Liquidity. The Bank is required to maintain minimum levels of liquid
assets as defined by OTS regulations. This requirement, which varies from time
to time depending upon economic conditions and deposit flows, is based upon a
percentage of deposits and short-term borrowings. The required ratio currently
is 4%. Monetary penalties may be imposed for failure to meet these liquidity
requirements. The Bank's average liquidity ratio for the quarter ended June 30,
2000 was 36.2%, which exceeded the then applicable requirements.
Assessments. Savings institutions are required by OTS regulation to pay
assessments to the OTS to fund the operations of the OTS. The general
assessment, paid on a semi-annual basis, is computed upon the savings
institution'sconsolidated total assets, as reported in the institution's latest
quarterly thrift financial report. Based on assets at June 30, 2000, the Bank
has a semi-annual assessment of approximately $36,500.
Community Reinvestment. Under the Community Reinvestment Act (the
"CRA"), as implemented by OTS regulations, a savings institution has a
continuing and affirmative obligation, consistent with its safe and sound
operation, to help meet the credit needs of its entire community, including low
and moderate income neighborhoods. The CRA does not establish specific lending
requirements or programs for financial institutions, nor does it limit an
institution's discretion to develop the types of products and services that it
believes are best suited to its particular community, consistent with the CRA.
The CRA requires the OTS, in connection with its examination of a savings
institution, to assess the institution's record of meeting the credit needs of
its community and to take such record into account in its evaluation of certain
applications by such institution. The CRA rating system identifies four levels
of performance that may describe an institution's record of meeting community
needs: outstanding, satisfactory, needs to improve and substantial
non-compliance. The CRA also requires all institutions to make public disclosure
of their CRA ratings. The CRA regulations were recently revised. The OTS
assesses the CRA performance of a savings institution under lending, service and
investment tests, and based on such assessment, will assign an institution in
one of the four above-referenced ratings. The Bank received a "satisfactory" CRA
rating under the current CRA regulations in its most recent federal examination
by the OTS.
Transactions with Related Parties. The Bank's authority to engage in
transactions with related parties or "affiliates" (i.e., any company that
controls or is under common control with an institution, including the Company
and its non-savings institution subsidiaries) or to make loans to certain
insiders, is limited by Sections 23A and 23B of the Federal Reserve Act ("FRA").
Section 23A limits the aggregate amount of transactions with any individual
affiliate to 10% of the capital and surplus of the savings institution and also
limits the aggregate amount of transactions with all affiliates to 20% of the
savings institution's capital and surplus. Certain transactions with affiliates
are required to be secured by collateral in an amount and of a type described in
Section 23A and the purchase of low quality assets from affiliates is generally
prohibited.
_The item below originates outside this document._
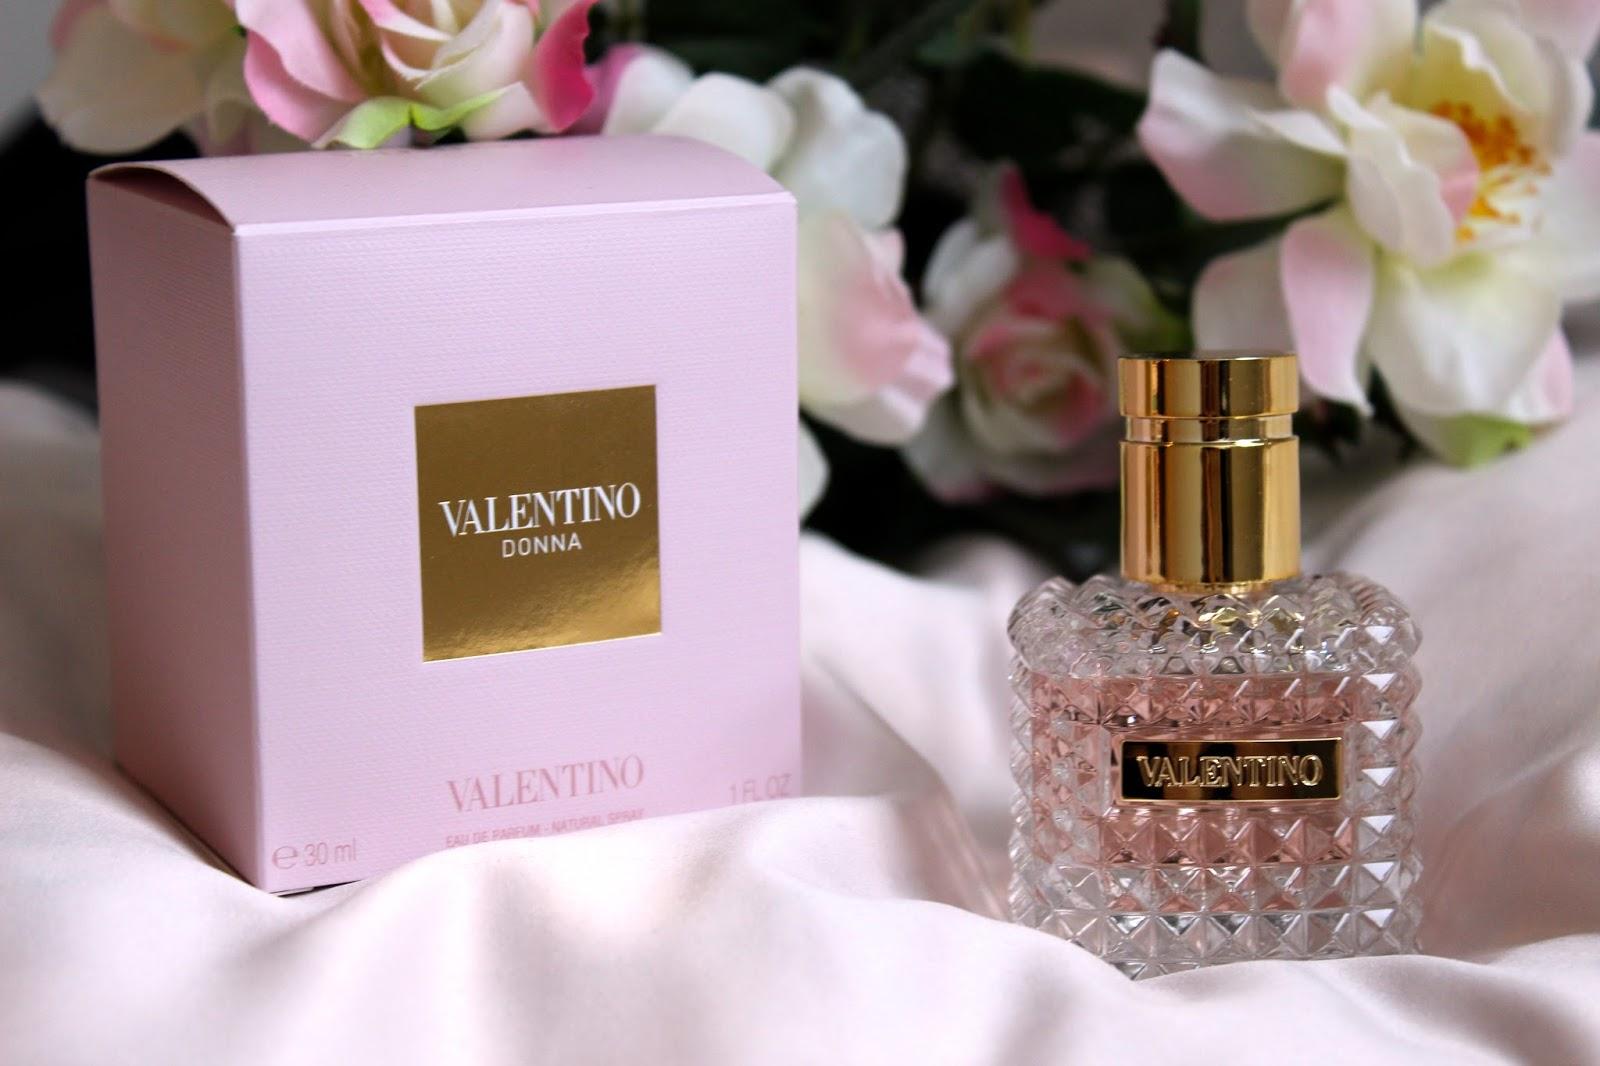 Valentino_Donna_Perfume.JPG

Section 23B provides that certain transactions with affiliates,
including loans and asset purchases, must be on terms and under circumstances,
including credit standards, that are substantially the same or at least as
favorable to the institution as those prevailing at the time for comparable
transactions with non-affiliated companies. In addition, savings institutions
are prohibited from lending to any affiliate that is engaged in activities that
are not permissible for bank holding companies and no savings institution may
purchase the securities of any affiliate other than a subsidiary.
The Bank's authority to extend credit to executive officers, directors
and 10% stockholders, as well as entities controlled by such persons, is
currently governed by Sections 22(g) and 22(h) of the FRA, and Regulation O
thereunder. Among other things, these regulations generally require such loans
to be made on terms substantially the same as those offered to unaffiliated
individuals and do not involve more than the normal risk of repayment.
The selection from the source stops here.